[INPUT MATERIAL — start]

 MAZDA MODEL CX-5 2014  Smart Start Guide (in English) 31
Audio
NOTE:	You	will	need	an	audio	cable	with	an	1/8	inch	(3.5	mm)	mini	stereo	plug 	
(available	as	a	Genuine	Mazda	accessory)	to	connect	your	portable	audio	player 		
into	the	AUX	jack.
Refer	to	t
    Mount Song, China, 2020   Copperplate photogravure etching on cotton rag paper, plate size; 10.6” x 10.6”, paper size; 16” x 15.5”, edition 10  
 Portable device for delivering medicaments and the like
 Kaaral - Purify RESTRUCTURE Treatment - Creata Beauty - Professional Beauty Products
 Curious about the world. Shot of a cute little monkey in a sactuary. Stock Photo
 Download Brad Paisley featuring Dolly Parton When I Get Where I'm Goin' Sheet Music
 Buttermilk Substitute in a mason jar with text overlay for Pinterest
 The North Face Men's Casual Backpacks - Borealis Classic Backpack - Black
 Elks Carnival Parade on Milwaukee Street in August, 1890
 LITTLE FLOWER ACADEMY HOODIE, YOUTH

[INPUT MATERIAL — finish]

» **WHAT IS REQUIRED**
Begin with the line above that has "Kaaral - Purify" and continue through the line that has "Buttermilk Substitute in", setting each one down exactly. Stop there.

» **EXERCISE RESULT**
 Kaaral - Purify RESTRUCTURE Treatment - Creata Beauty - Professional Beauty Products
 Curious about the world. Shot of a cute little monkey in a sactuary. Stock Photo
 Download Brad Paisley featuring Dolly Parton When I Get Where I'm Goin' Sheet Music
 Buttermilk Substitute in a mason jar with text overlay for Pinterest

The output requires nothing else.